Табличка у входа гласила: «Мемориал пророка Яхьи» (Иоанна Крестителя). Мы вскарабкались на холм по тропинке, идущей вдоль древней стены мимо пещер, в которых несколько веков назад определенно жили люди. Несмотря на то что земля была сухая, а ландшафт – пустынным, с редкими клочками облезлых кустов, вид оказался потрясающим. Уступы покрывали величественные холмы сверху донизу. Некоторые, возможно, были естественного происхождения, но большинство выглядели делом человеческих рук – возможно, в древние времена здесь располагались фермы. Замок отреставрировали неаккуратно, сохранить подлинный вид никто не старался. Остались обрубки античных колонн, но другие, высокие, колонны были явно сооружены в современную эпоху.

Темница, где сидел Иоанн Креститель, напоминала тюрьму из старого немого фильма «Саломея». В замке оказалась площадка, где вполне могла бы танцевать Саломея, хотя ее имя в Библии не упоминается. Возможно, декорации к фильму создавались на основе этих руин. Как бы то ни было, открытая площадка была словно предназначена для танцев, и я станцевала, а Фироз снял меня на камеру. Но случилась таинственная вещь: пленку зажевало, и запись танца пропала.

Замок оказался не больше зажиточного дома в Абдуне [46], однако наверняка в те времена считался роскошным. Высокий подъем утомил Фироза, никогда не расстававшегося со своей сигаретой, но тем не менее таксист был под впечатлением. Он никогда не слышал об этом месте и даже не знал историю об Иоанне Крестителе и Саломее.

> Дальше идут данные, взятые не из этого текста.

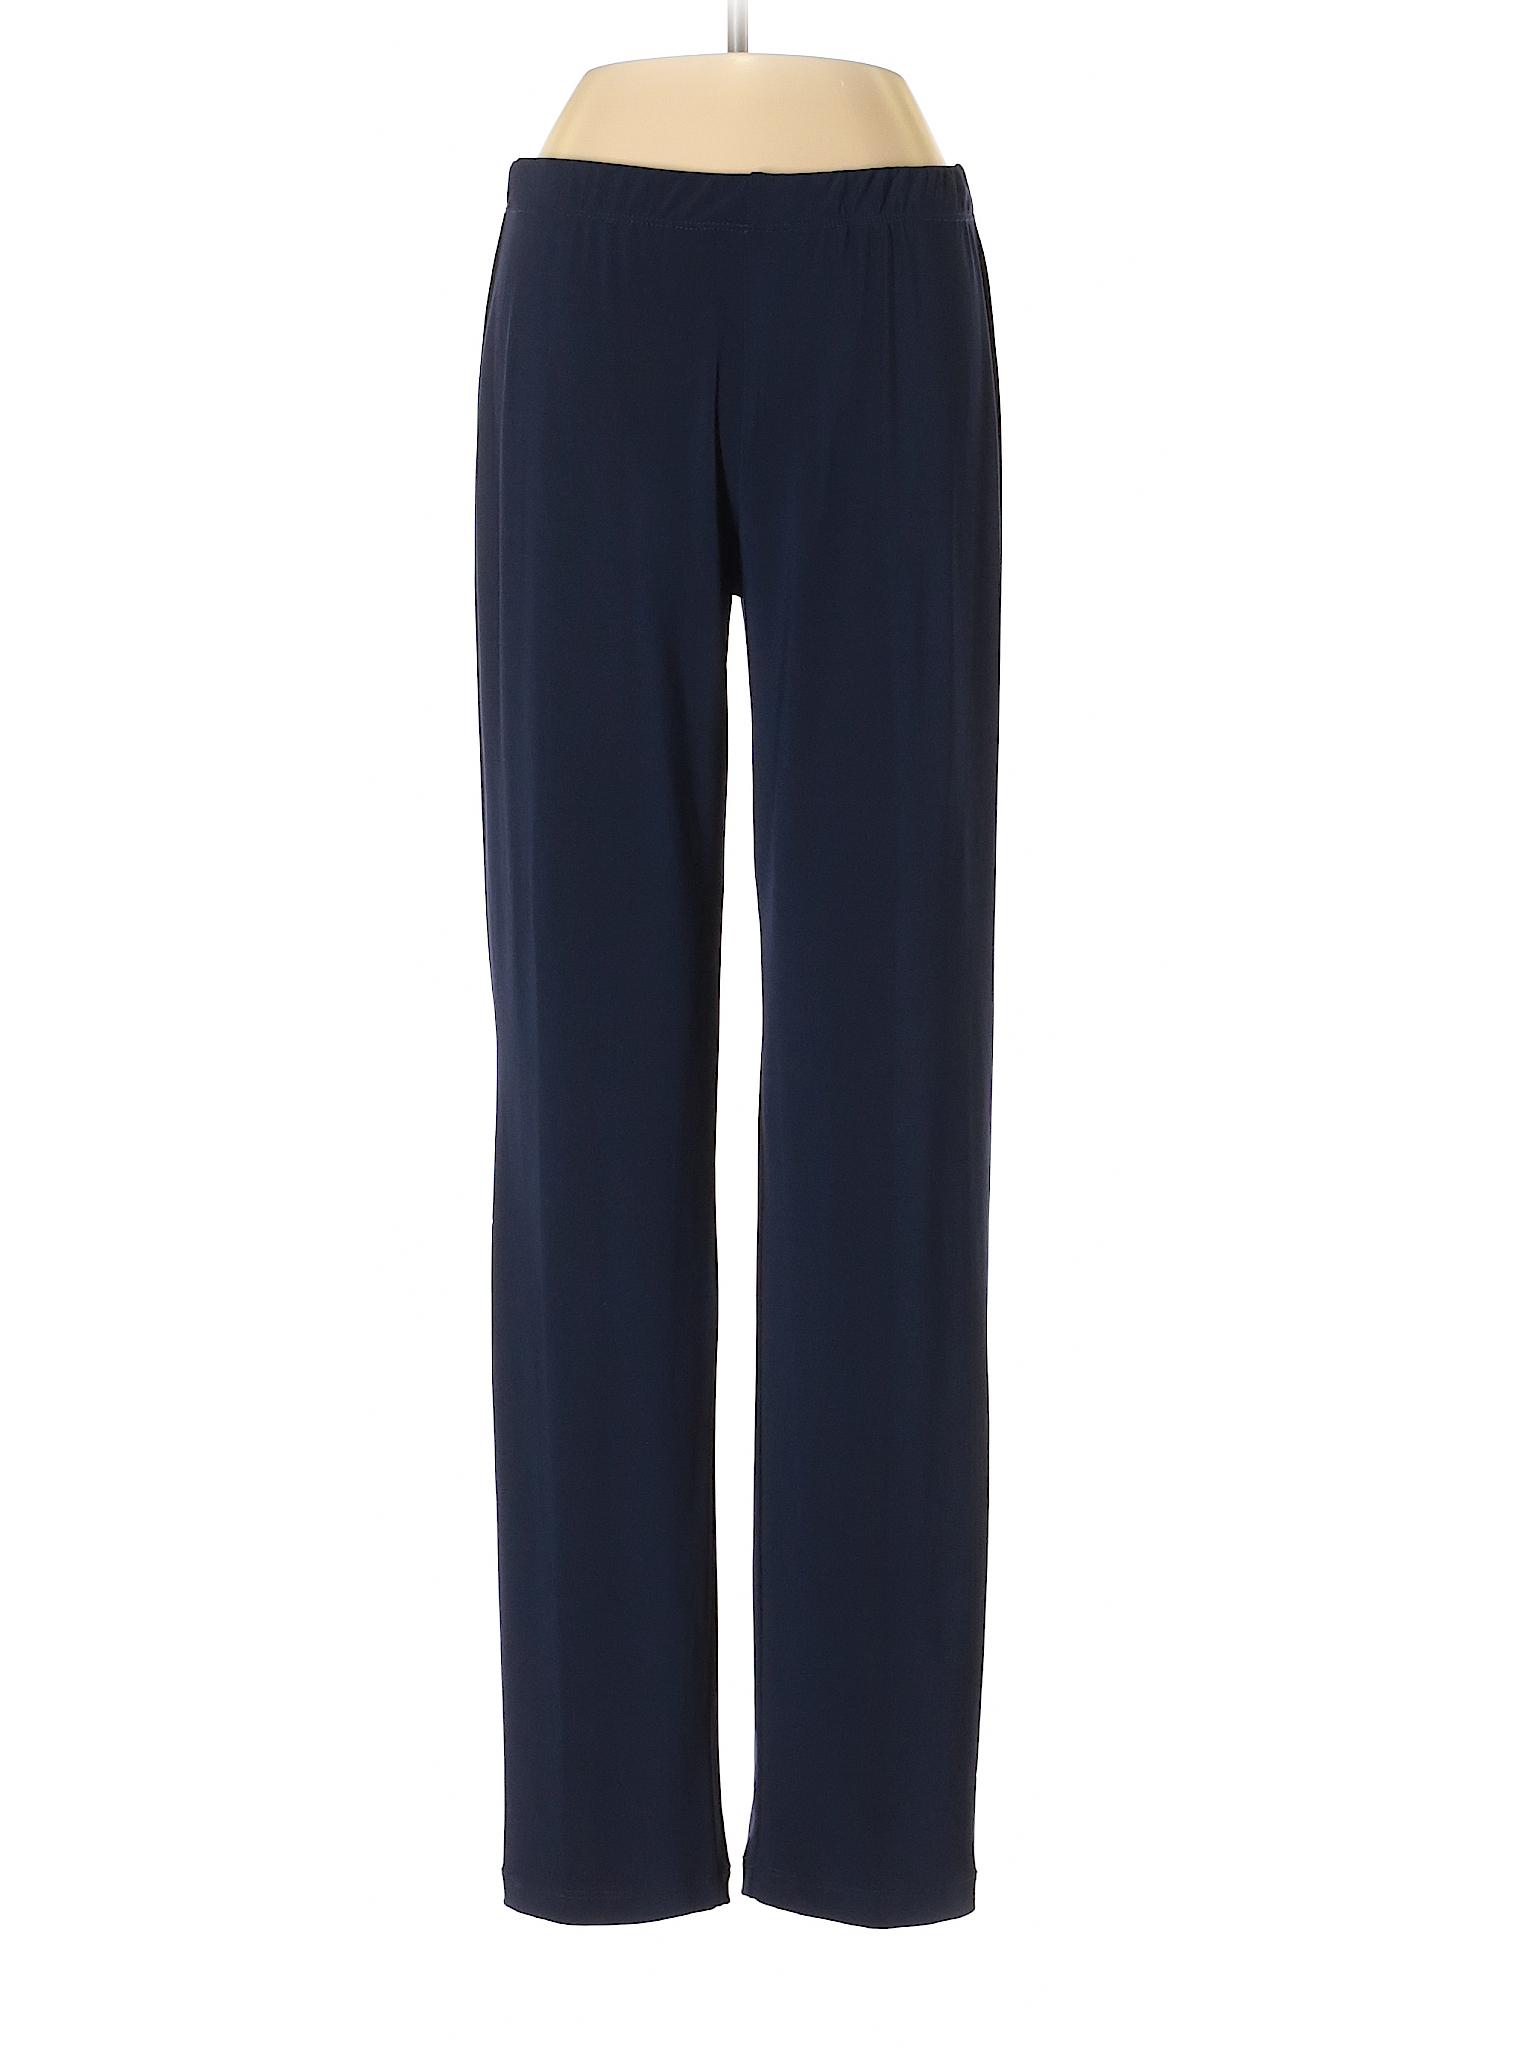 winter Woo Boutique Casual Clara Pants Sun 71P1wHqpd

На обратном пути, когда мы уже далеко отъехали от деревень, объединенных под эгидой «Бени Хамида», мы увидели пастухов и бедуинские шатры. Фироз спросил, не хочу ли я задержаться здесь и зайти в гости к одной семье.

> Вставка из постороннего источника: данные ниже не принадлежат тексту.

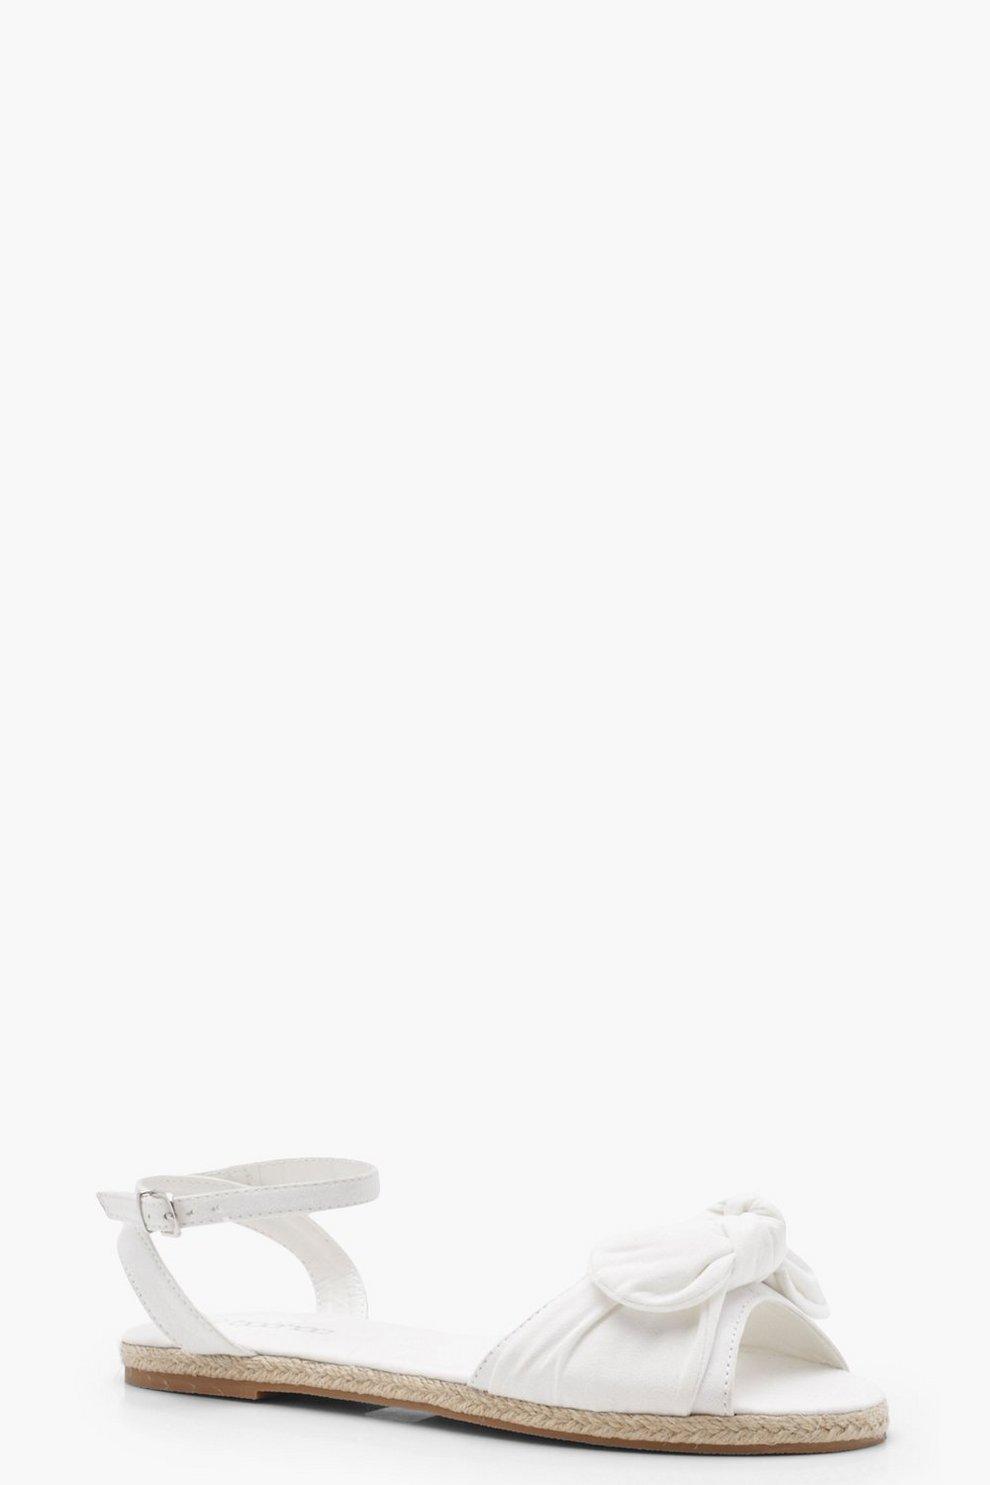 Lola Espadrille Bow Detail Sandals GGZgSk9s

Мы подошли к черно-бежевому шатру, стоявшему посреди высохшего грязного поля. В отличие от туркменов, которые жили в разноцветных палатках в одном большом лагере, бедуины предпочитали селиться подальше друг от друга. Однако их бедность была не менее очевидной.

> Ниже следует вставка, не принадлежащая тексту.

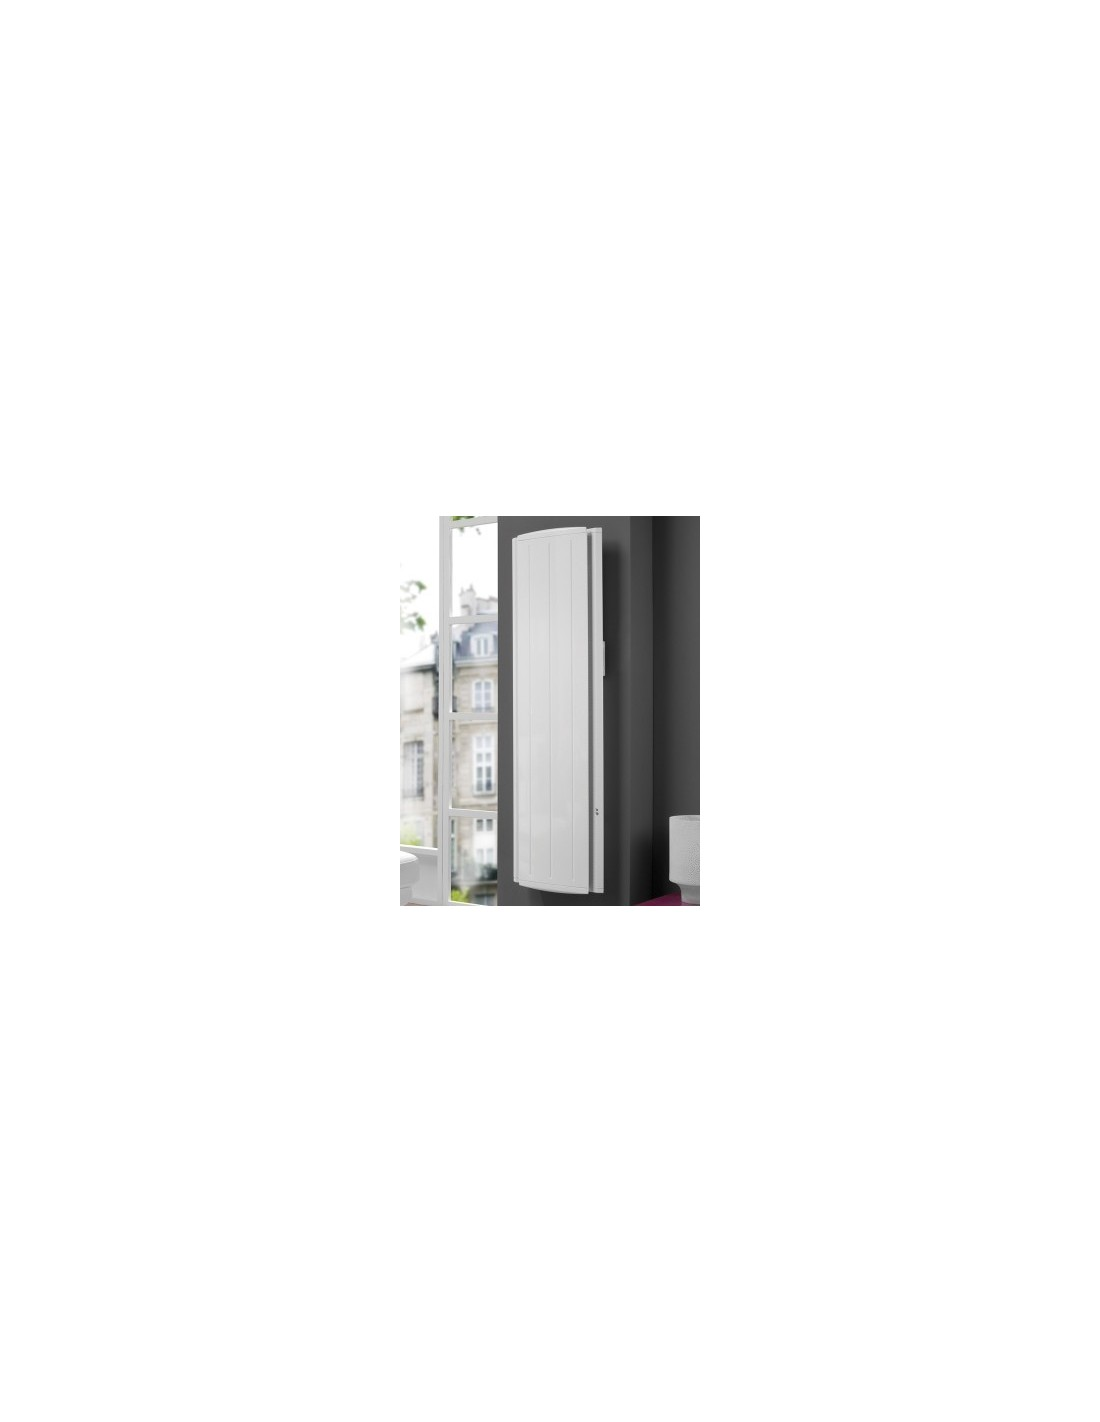 radiateur atlantic maradja vertical 2000w ebay. Black Bedroom Furniture Sets. Home Design Ideas

У шатра нас поприветствовали женщина по имени Фатме и трое ее маленьких сыновей. Муж Фатме ушел пасти овец.

Она рассказала нам об их повседневной жизни:

– Летом мы живем в окрестностях Мадабы, а зимой переезжаем в долину Иордана. Это наш летний шатер; я живу здесь с мужем и тремя детьми. Зимой шатер обтягивается пластиковым чехлом, защищающим от ветра и грязи. Моим сыновьям три, пять и шесть лет; они не ходят в школу, потому что, если бы ходили, мы были бы не в состоянии переезжать с места на место, а муж не смог бы работать. У нас отара из тридцати овец – этим и живем, – продолжала она. – Зимой продаем молоко. Если очень нужны деньги, продаем овцу. Если нужно куда-то поехать, я еду с родственниками мужа. Они живут в шатре напротив, через дорогу. Обычно мы просыпаемся в шесть-семь утра и пьем чай с молоком. В одиннадцать я готовлю обед на открытом огне. Мы едим мясо не чаще раза в неделю, и курицу тоже раз в неделю. По большим праздникам – на свадьбу, например, – забиваем овцу и готовим менсеф.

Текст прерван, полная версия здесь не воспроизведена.